━━━━━ THE DATA

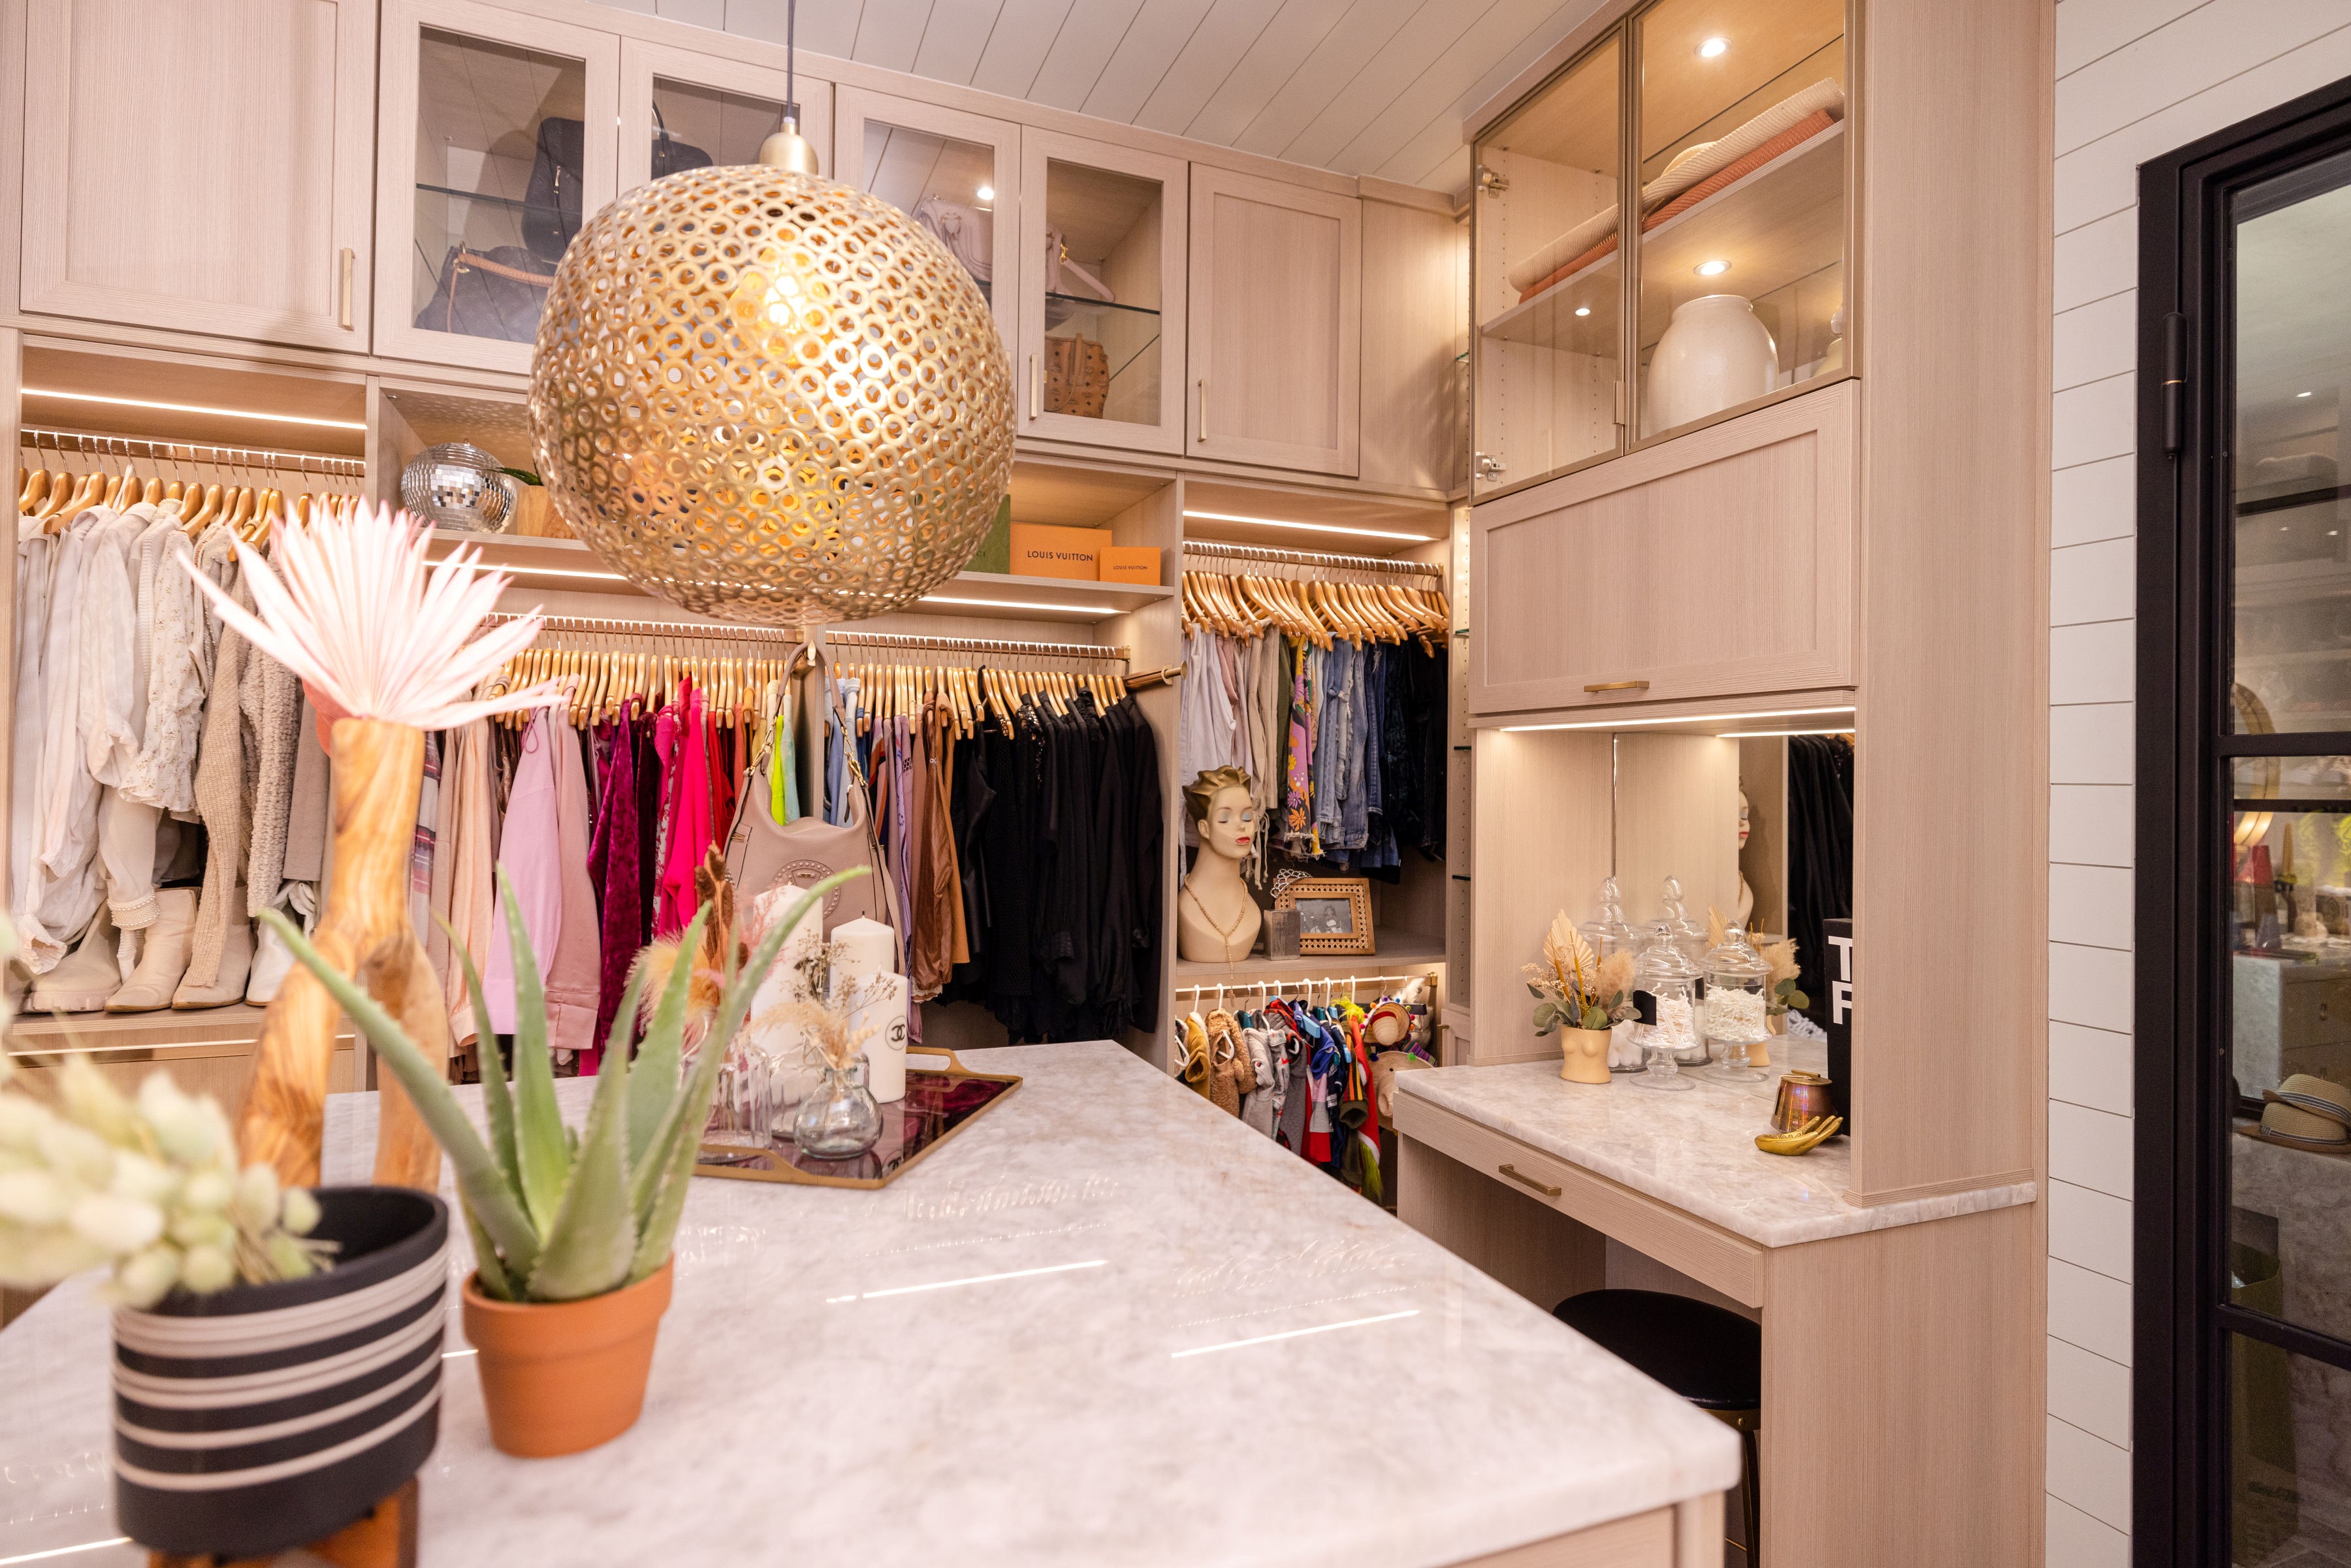 When high fashion meets luxe closet design
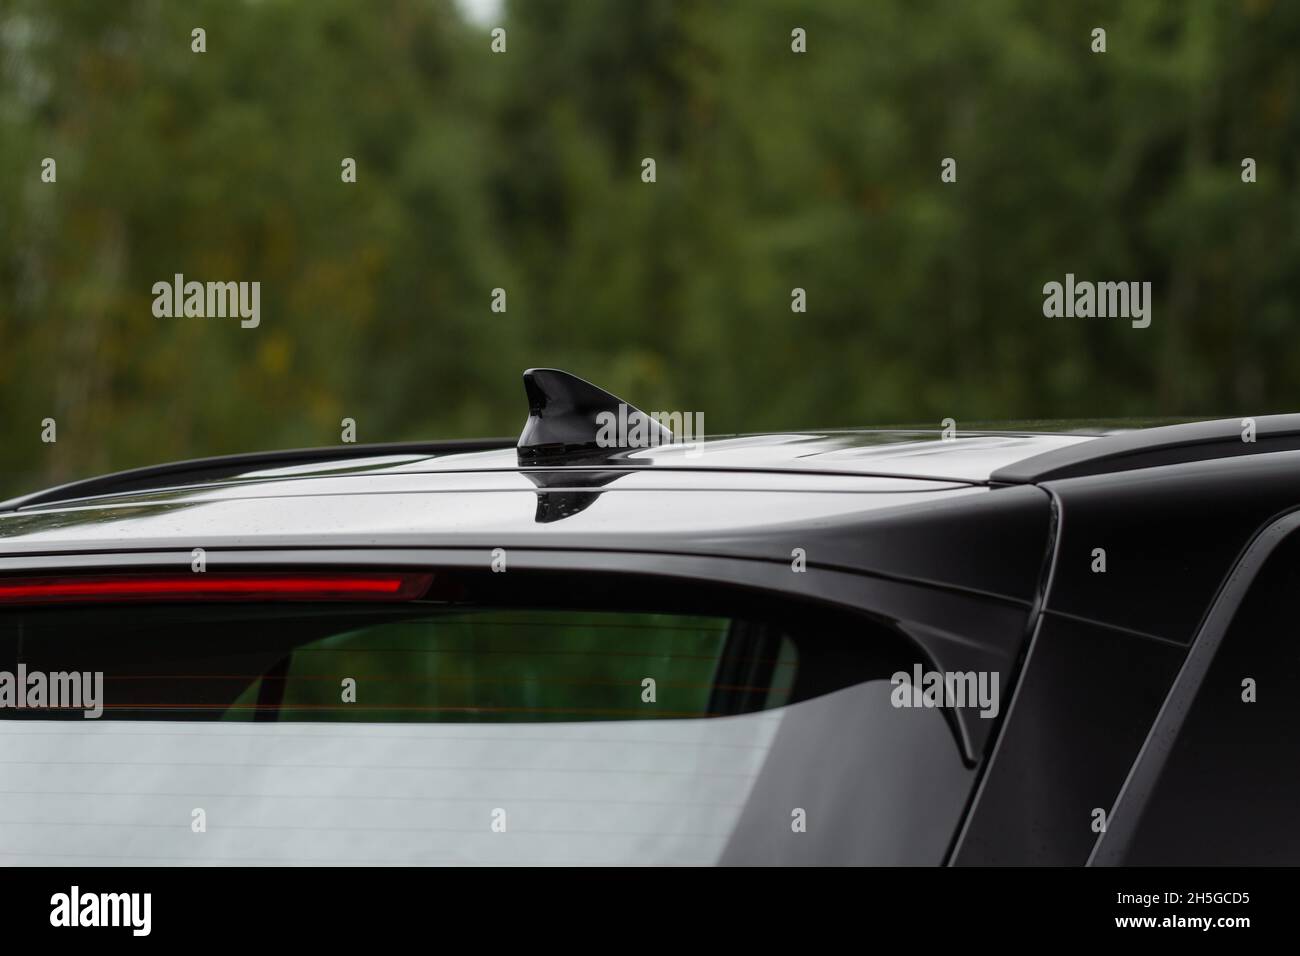 https://c8.alamy.com/comp/2H5GCD5/modern-car-radio-antenna-shark-fin-antenna-modern-car-roof-2H5GCD5.jpg
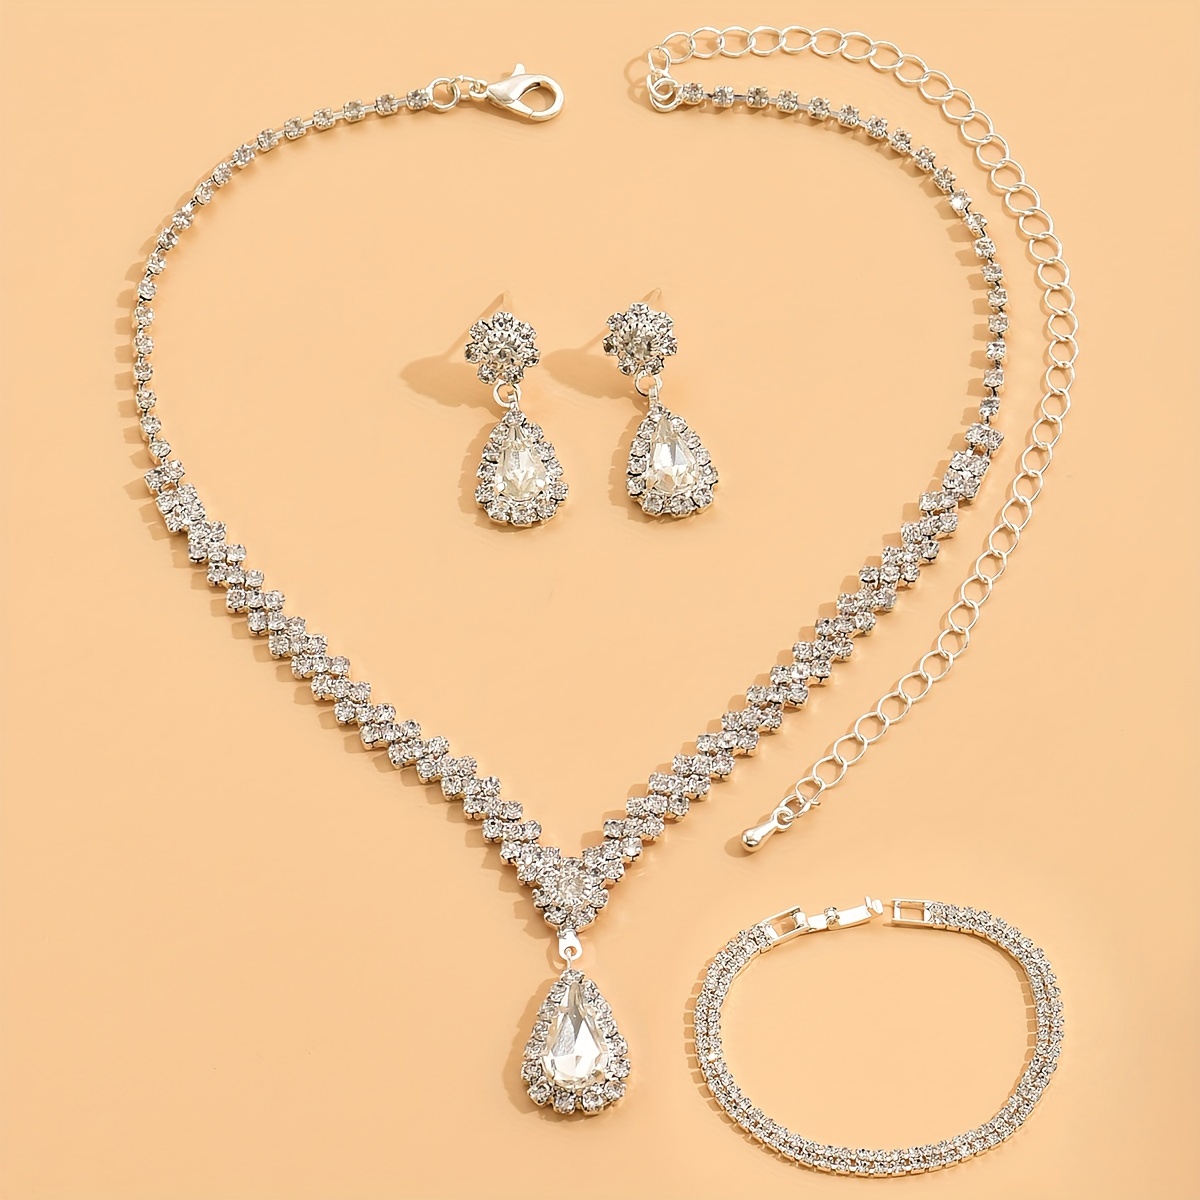 1 lb Large BULK Lot Costume Jewelry Charms Pendants Rhinestone Earrings  Necklace
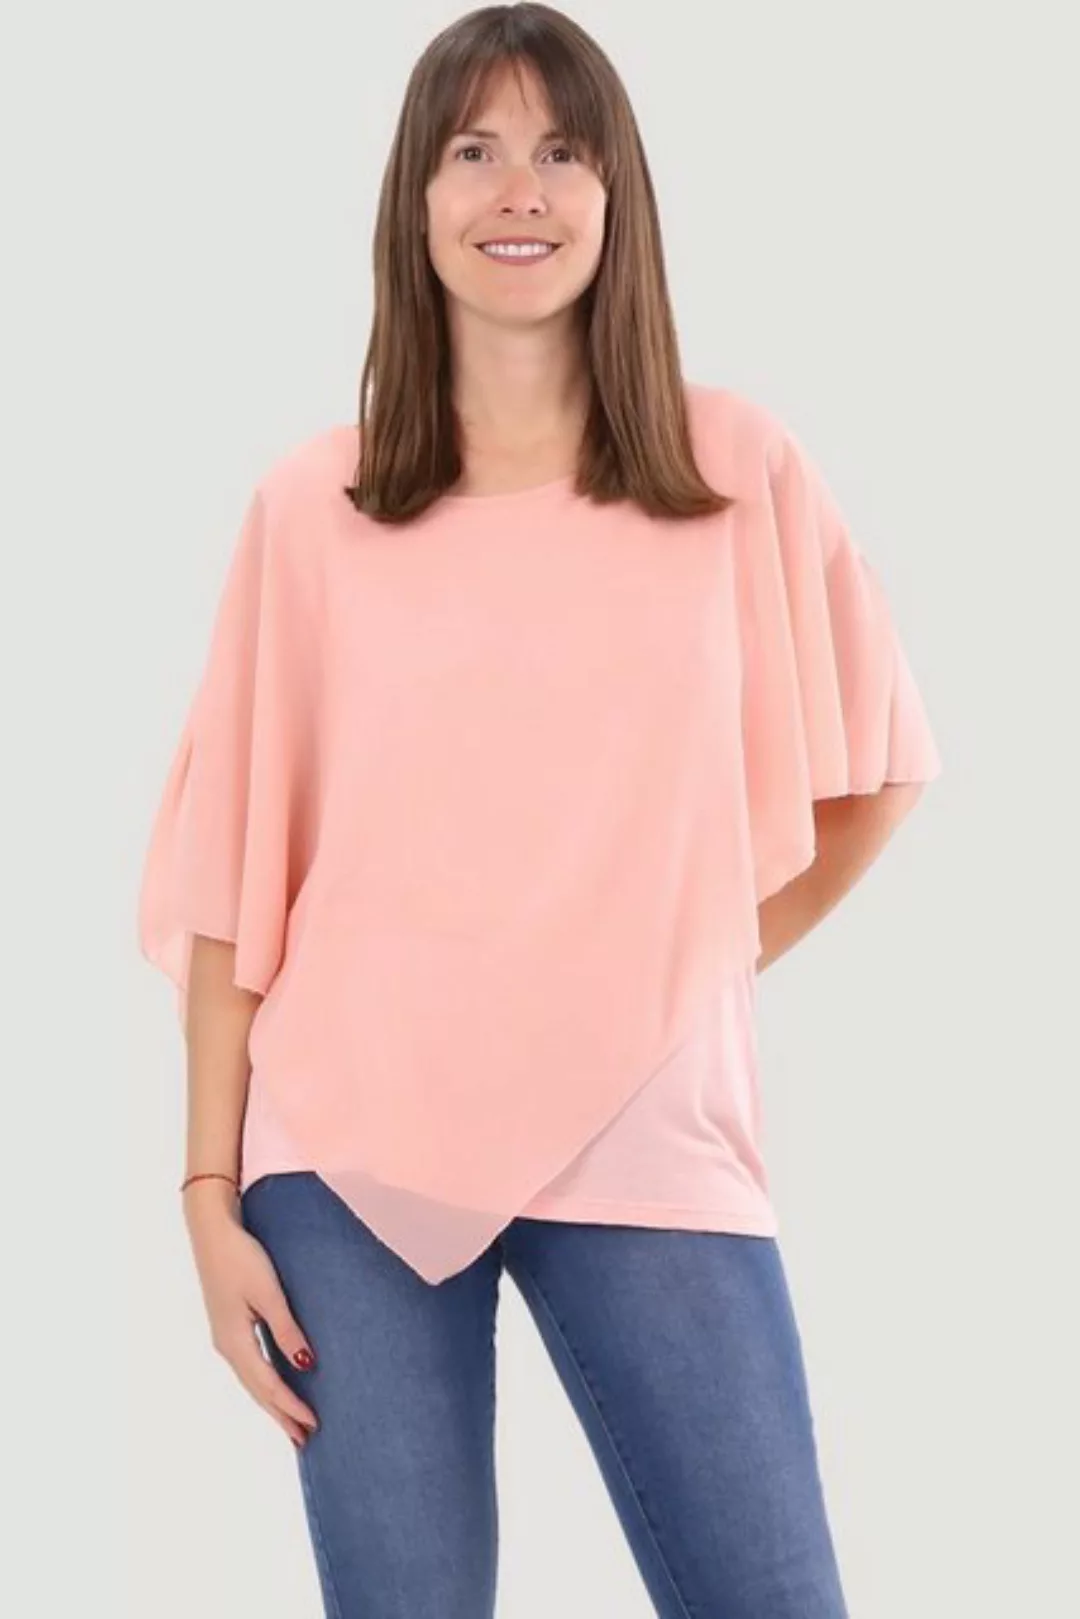 malito more than fashion Chiffonbluse 10732 Schlupfbluse Blusenshirt asymme günstig online kaufen

━━━━━━━━━━

* **WHAT TO DO**: Retype the listing exactly. Skip every picture.

* **OUTPUT FOR THIS TASK**:
 When high fashion meets luxe closet design
 https://c8.alamy.com/comp/2H5GCD5/modern-car-radio-antenna-shark-fin-antenna-modern-car-roof-2H5GCD5.jpg
 1 lb Large BULK Lot Costume Jewelry Charms Pendants Rhinestone Earrings  Necklace
 malito more than fashion Chiffonbluse 10732 Schlupfbluse Blusenshirt asymme günstig online kaufen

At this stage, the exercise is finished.